Theists are often surprised at how calmly atheists approach death, either actually or in talking about it. Death seems to me as natural a thing as birth, and nothing to fear (although the actually process of dying might in some cases be unpleasantly painful).
I called myself an agnostic for years, but I really think there is no difference between the atheist saying "I have no belief in any god" and the agnostic saying "I don't know whether any god really exists." They seem to me to be intellectually equivalent.
Some atheists (sometimes called "positive atheists") say "I believe that god does NOT exist." This seems to me to suffer from the same intellectual arrogance and faith-based thinking as the statement "I believe that God exists." I think very few atheists who have really thought about it take this position - it turns atheism into a religion.
I would not want everyone to be an atheist. The believers are probably correct when they say that it is only a belief in God and man's accountability to God that prevents them from robbing convenience stores, romancing the neighbor's wife, and kicking the dog. I believe them. I am glad that they have a belief in God to keep them in line.
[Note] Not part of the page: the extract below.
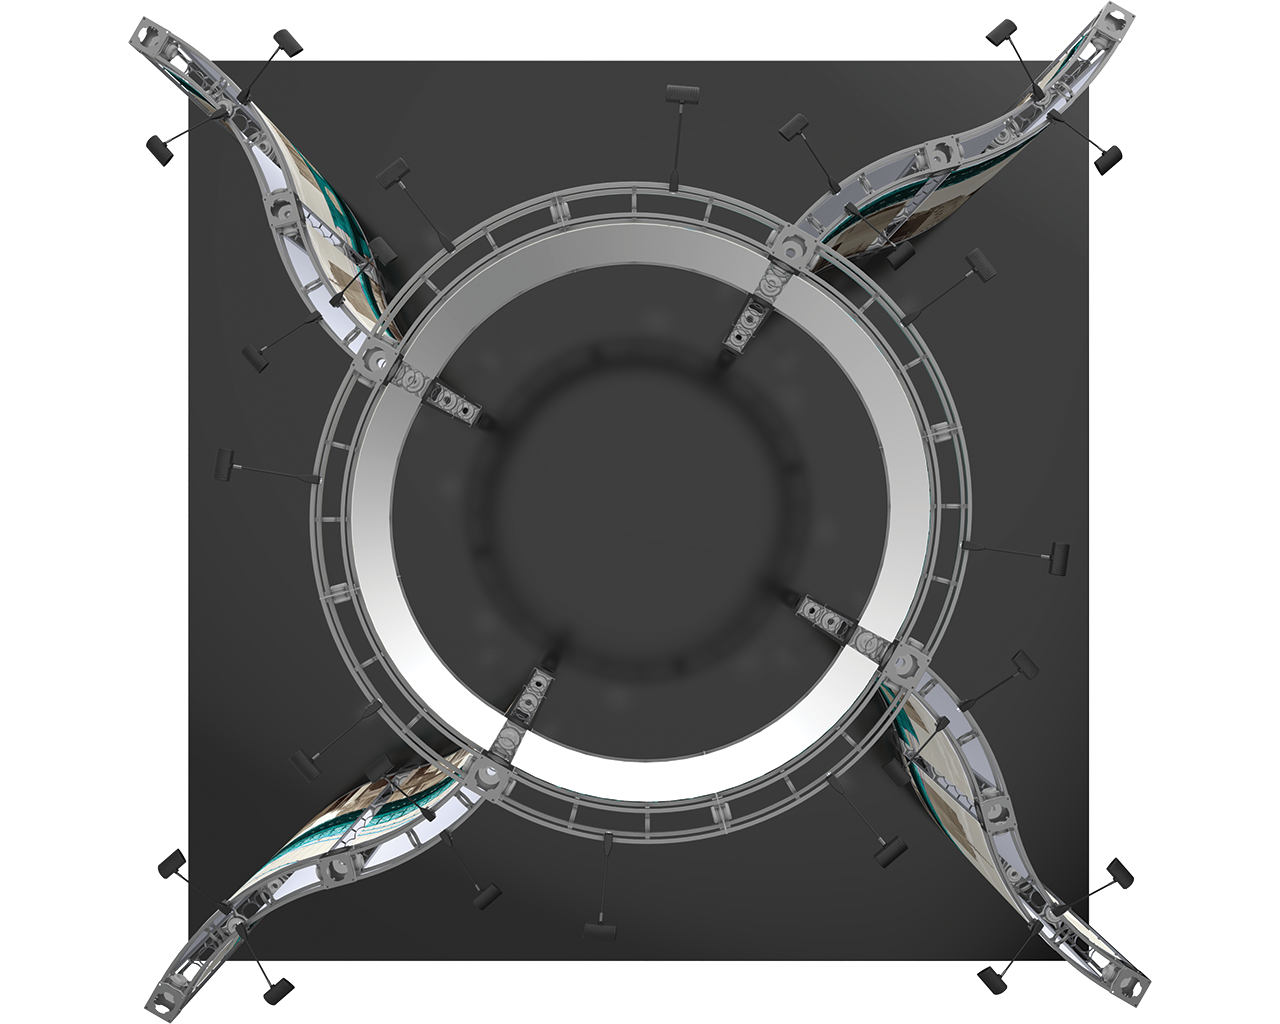 Canis 20 x 20 Orbital Truss

Atheism is not inherently evil, any more than religion is. Both belief and non-belief can be used for either good or evil, and have been. So I tend to get annoyed when believers try to "take the moral high ground" and ignore the bloody history of religion as it has tried to promote belief in the "true" god. Atheism is a view held by some of the kindest and most loving people in the world, whose greatest fault in the eyes of many is their skepticism, their stubborn refusal to be flummoxed, and whose wholehearted open-mindedness is too often overlooked and not often enough imitated.
- Richard Packham
Comments? (Please, no preaching or hate mail!) Write: packham@teleport.com
© 1998 Richard Packham Permission granted to reproduce for non-commercial purposes, provided text is not changed and this copyright notice is included.
Comments
In your paragraph about Buddhism, you wrote... "However, the asceticism of Buddhism, its complete rejection of the physical world (the only world we have) and the extent to which later Buddhism became formalized and corrupted bothered me."
Buddhism does not reject the physical world. According to the story of the Buddha's life (true or not), his ascetic practices did not bring him enlightenment. When he began to eat regular meals, his ascetic buddies began to look down on him for it! (I can find sources if you want them - I don't have them on hand)
For a present day example, one needs only to read one of the His Holiness the Fourteenth Dalai Lama's books (especially "The Universe in a Single Atom") to learn how many Buddhists feel about Science and the physical world. Buddhists believe in the complete interdependence of all sentient and non-sentient beings. Thus, they care a great deal about the physical world.
I only wanted to clarify your statements. I wish you a happy life, and good luck in all of your studies.